Passenger chaos erupted at Bengaluru's Kempegowda International Airport (KIA) on Thursday as a massive operational disruption hit IndiGo, India's largest carrier. Hundreds of flights were cancelled nationwide, leaving travellers stranded, frustrated, and facing exorbitant last-minute airfares.
Scale of the Disruption: A Record for IndiGo
The crisis marks an unprecedented event in the airline's 20-year history. Across India, IndiGo cancelled a staggering 225 flights in Delhi, 104 in Mumbai, 92 in Hyderabad, and 102 in Bengaluru. At KIA alone, officials confirmed 52 arrivals and 50 departures were scrapped, with updates promised only after 6 PM. The airline, which commands a dominant 65% share of the domestic market, attributed the meltdown to acute pilot shortages and crew duty-limit issues.

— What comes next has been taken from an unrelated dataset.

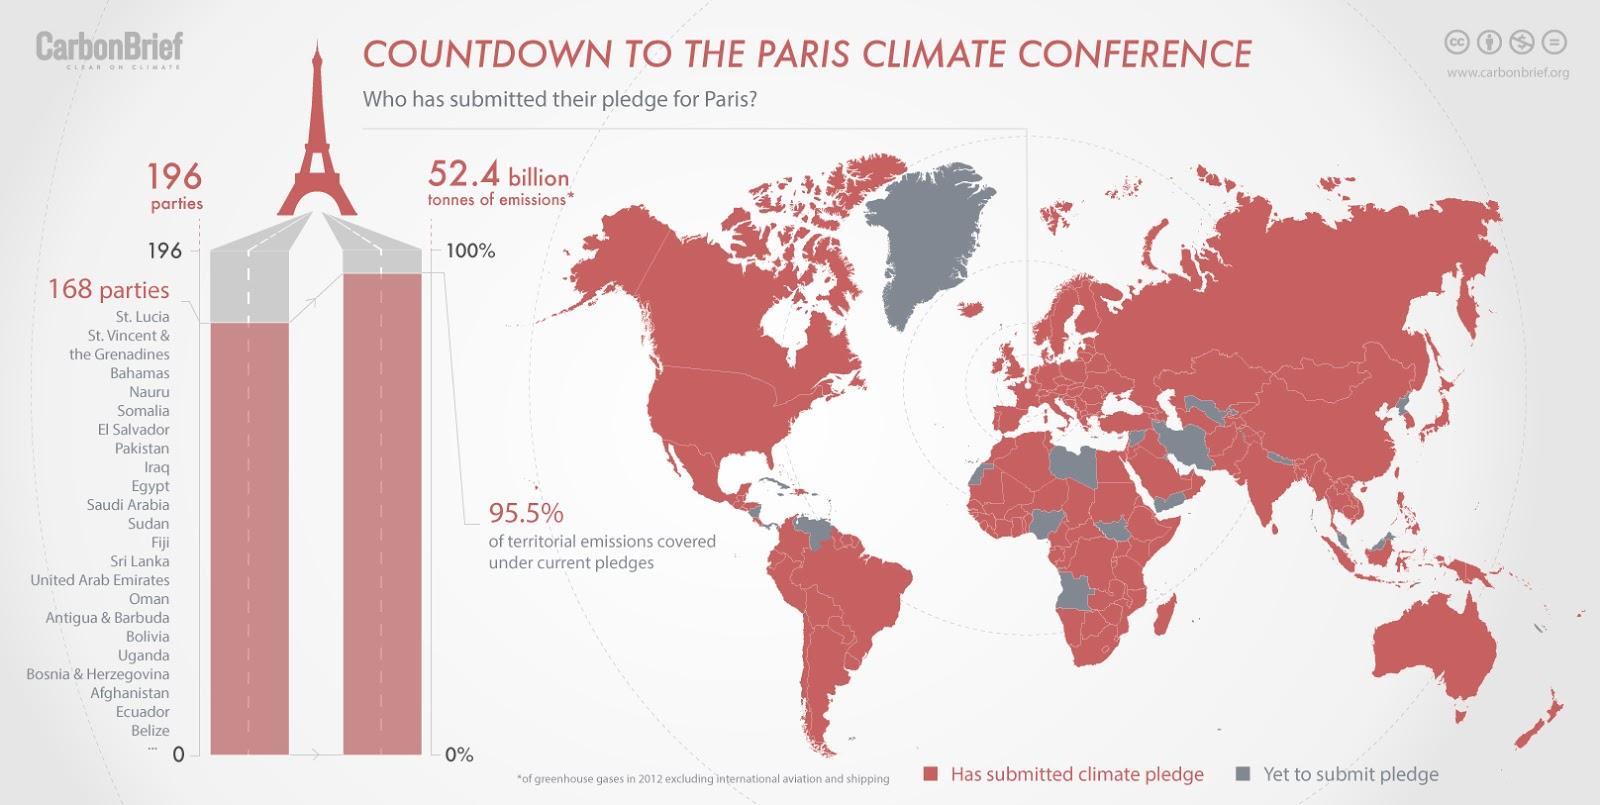 Paris 2015: Tracking country climate pledges

Passenger Nightmare: Stranded, Priced Out, and Protesting
The impact on passengers was immediate and severe. Social media platform X was flooded with images of overcrowded terminals, passengers sleeping on luggage, and piles of unattended bags. One user detailed spending four hours at the airport, noting some had been there for over 13 hours. "Every single Indigo flight has been delayed significantly and then cancelled," the post read.
Inside the terminal, long queues snaked around check-in counters and security lines, with all seating areas packed. The uncertainty was palpable, with many unsure whether to return home or wait for a last-minute update. The frustration boiled over at several airports, where angry flyers staged protests at boarding gates, disrupting operations for other airlines as well.
Desperate passengers trying to rebook faced another shock: skyrocketing airfares on alternative carriers. A passenger whose 2:15 PM flight was cancelled said a last-minute ticket to Bengaluru had become "pricier than a seat at a Taylor Swift concert," accusing other airlines of indulging in surge pricing. Data showed a Delhi-Bengaluru ticket for Friday or Saturday ranging between Rs 11,000 and an astonishing Rs 43,145.
Regulatory Scrutiny and the Road to Recovery
The Directorate General of Civil Aviation (DGCA) intervened swiftly, holding multiple emergency meetings with the airline's management. The regulator directed IndiGo to stabilise operations immediately and prevent fare hikes exploiting the reduced capacity.
In a statement, the DGCA revealed that IndiGo has sought temporary exemptions from specific Flight Duty Time Limitation (FDTL) rules for its A320 fleet operations until February 10, 2026, to ease the crisis while maintaining safety. The airline has assured the regulator that normalized and stable operations will be fully restored by February 10, 2026, with corrective actions currently underway.
The ripple effects of the disruption were widespread. With IndiGo aircraft stuck at airports like Pune, the movement of flights from other airlines was also delayed, amplifying the travel chaos across the Indian aviation network.